The board of the Hipgnosis Songs Fund have announced a strategic review of its operations in another bid to allay the concerns of investors.
However, the board nevertheless still urges shareholders to back the continuation of the Fund and the sale of a bunch of catalogues as part of efforts to boost share price, and advises that the Fund continue to utilise the services of Hipgnosis Song Management.
There are various entities within the Hipgnosis empire that was set up by Merck Mercuriadis. The Hipgnosis Songs Fund is the publicly listed investment entity that owns a stack of valuable music rights. Then there's the separate Blackstone-backed Hipgnosis Songs Capital that has also been buying up catalogues. Both are then advised by Hipgnosis Song Management, working alongside Hipgnosis Songs Group, which provides creative and administrative services.
Recent dramas have centred on the Fund, where many investors are unhappy with the current share price, and some have become critical of Hipgnosis Song Management. As part of a plan to boost share price, the Fund's board negotiated a deal to sell a stack of rights to Hipgnosis Songs Capital. The profits of that deal would be used to buy back shares and to make payments on the Fund's credit facility, with the aim of boosting share price.
The Fund's share price dipped even further earlier this week when the board admitted that they had over-estimated how much extra cash would be incoming as a result of the recent Copyright Royalty Board rulings on streaming royalties in the US. As they downgraded that estimate from $21.7 million to $9.9 million, the Fund also announced it was cancelling a proposed dividend payment to shareholders.
All of this is occurring as a continuation vote looms, that being a routine vote by investors on whether the Fund should continue to operate. The board are pushing for a vote in favour of continuation and therefore need to reassure investors that the concerns they have raised are being dealt with.

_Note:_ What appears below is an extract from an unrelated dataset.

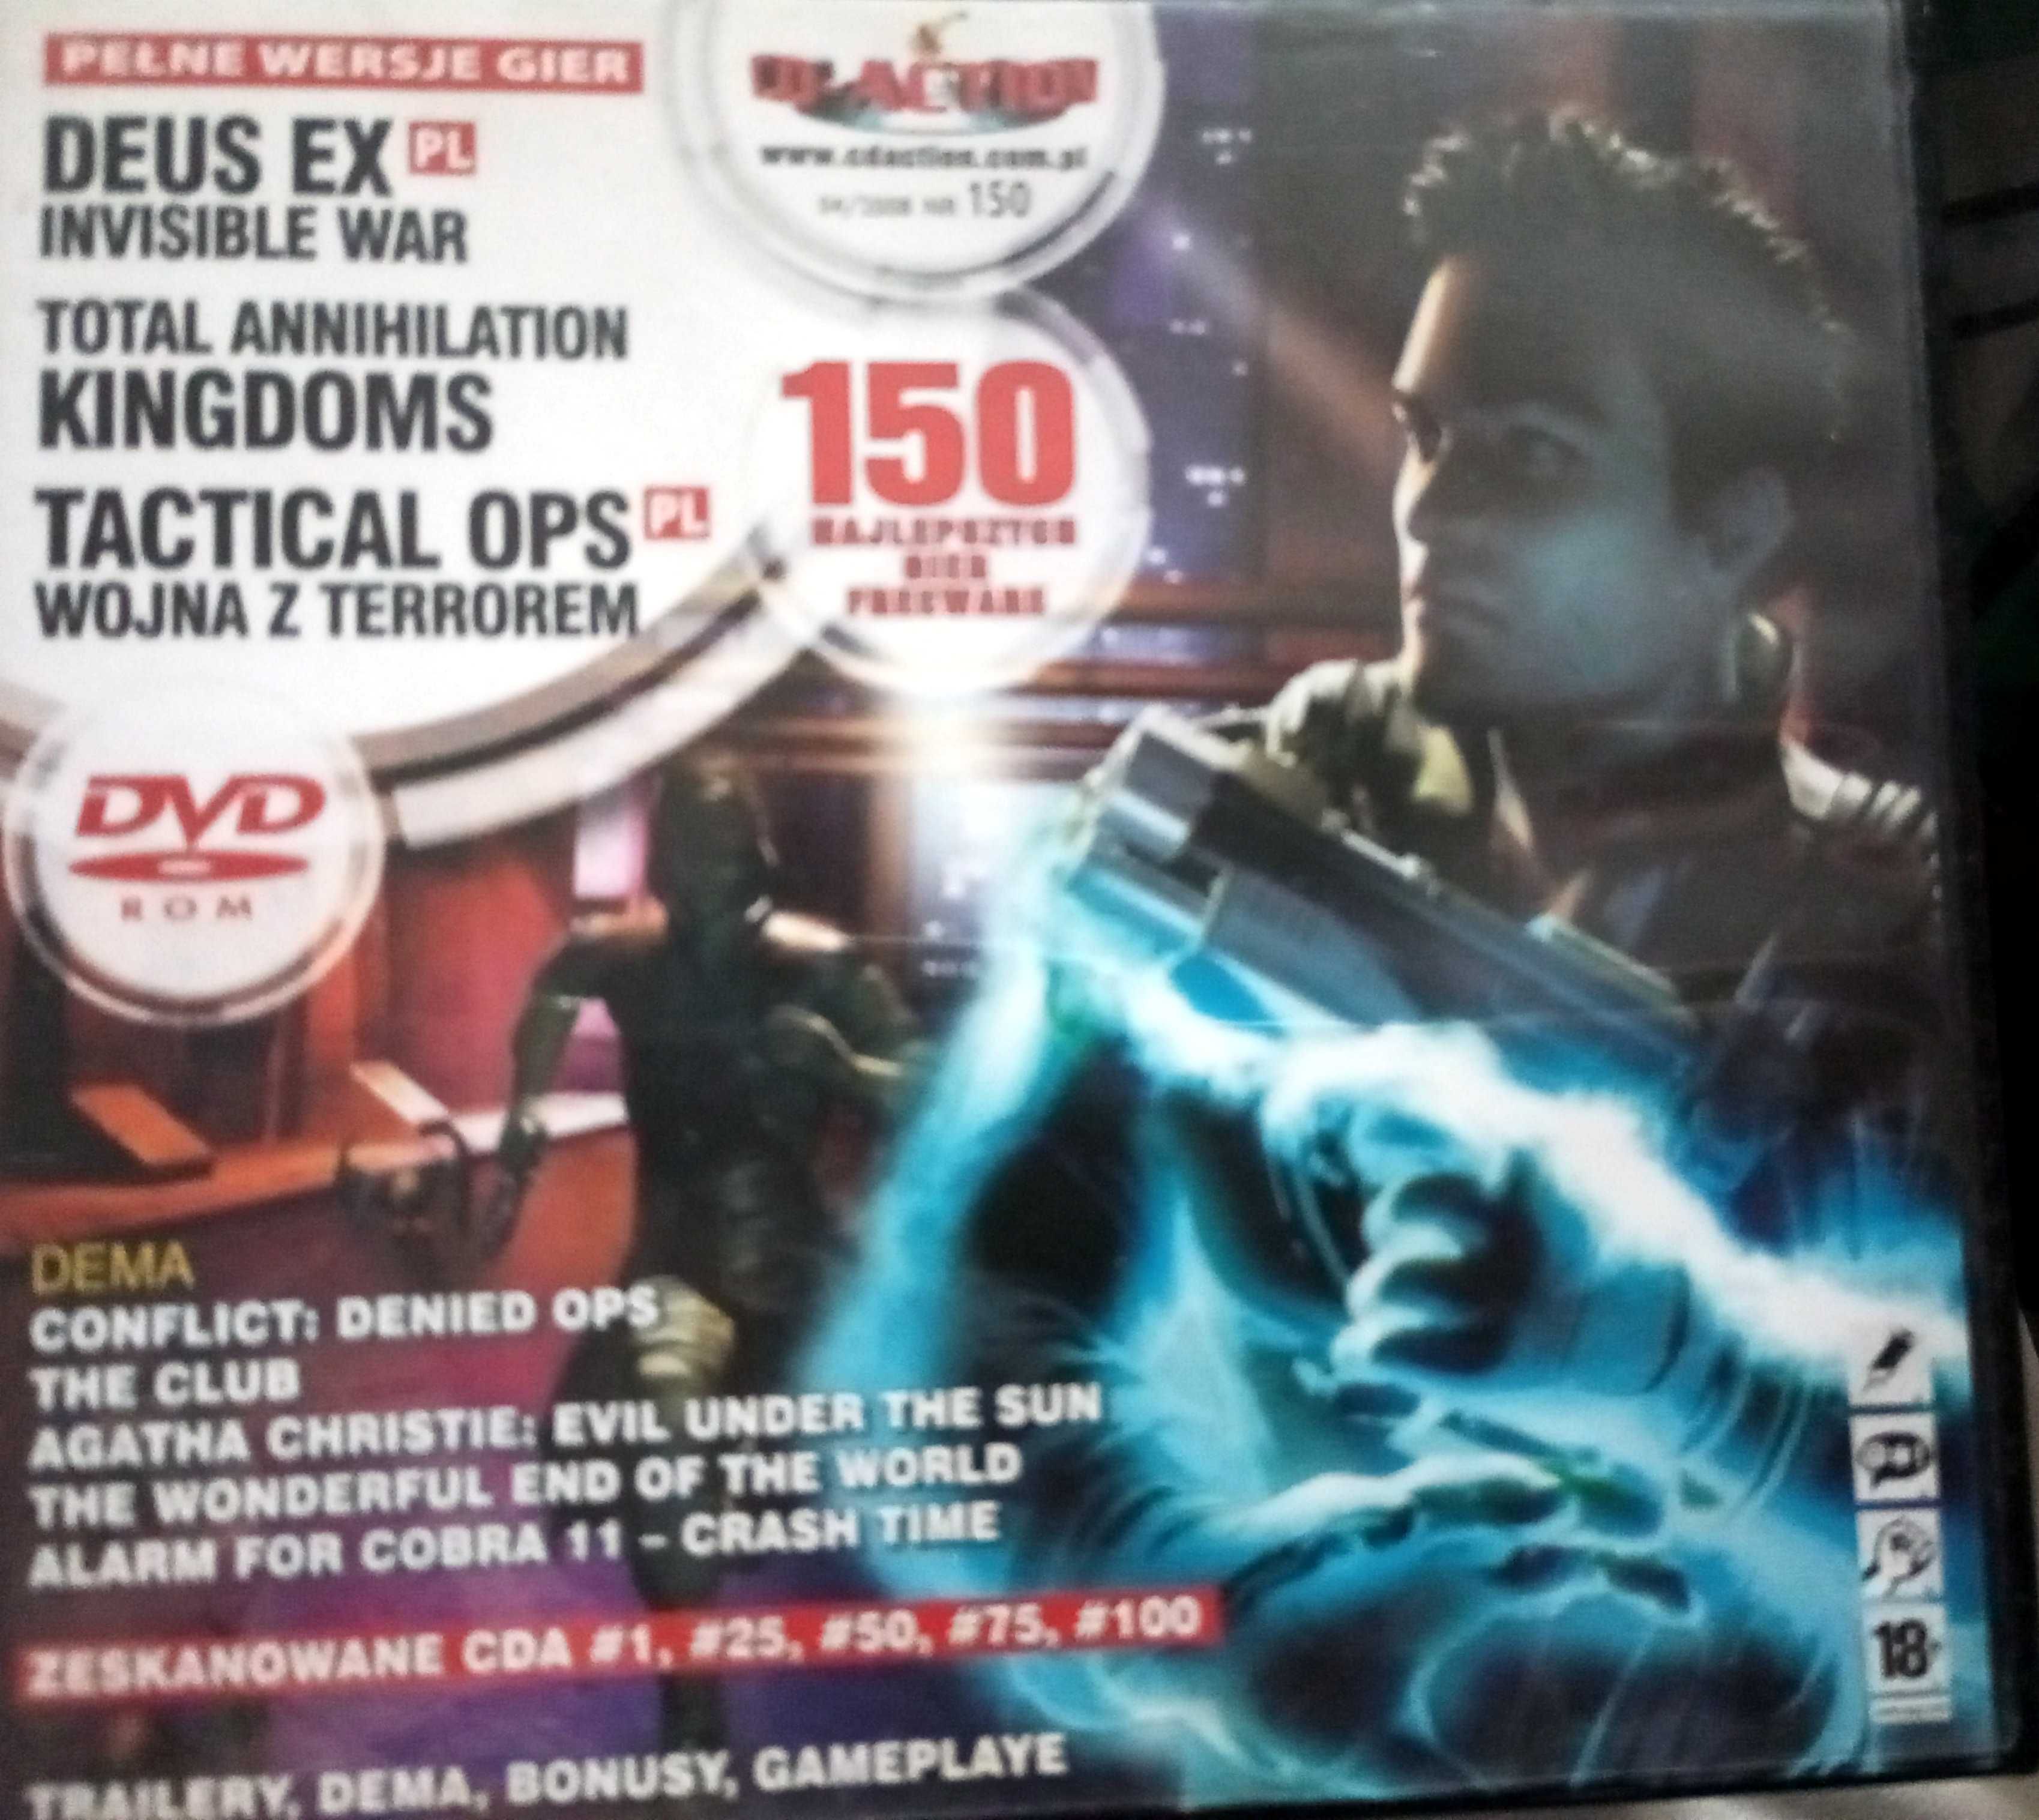 CD-ACTION 4/2008 #150 - Deus Ex: Invisible War PL, Tactical Ops +INNE

Announcing the strategic review yesterday, the board said that they had undertaken "extensive engagement over recent weeks with shareholders", and that "those meetings highlighted a continued belief in the company’s portfolio and growth prospects of the asset class as well as the need for changes by the company in order to deliver value for shareholders".
Two directors on the board, including Chair Andrew Sutch, are already standing down, with the hope being that a rejig at the top can provide some reassurance for investors. Though yesterday's statement also discussed the Fund's ongoing relationship with Hipgnosis Song Management.
It said that the board had considered terminating its investment advisory agreement with that Hipgnosis entity, but had concluded that doing so was not in the interest of shareholders, partly because of the impact it would have on the Fund's credit facility. Though the board's statement also confirmed that, if it did terminate its agreement with Hipgnosis Song Management, the other Hipgnosis business would have an option to acquire the Fund's catalogues.
"The board has asked the investment adviser to remove the clause in the investment advisory agreement related to the call option entitling it to acquire the company’s portfolio on termination of its contract", the board added, "which the investment adviser has declined to accept".
Responding to the strategic review, a spokesperson for Hipgnosis Song Management told reporters: “We continue to believe that [we are] uniquely positioned to deliver value to [the Fund's] shareholders as a result of our deep relationship with the songwriters that make up the catalogue and our song management expertise. We intend to continue to demonstrate this through our actions".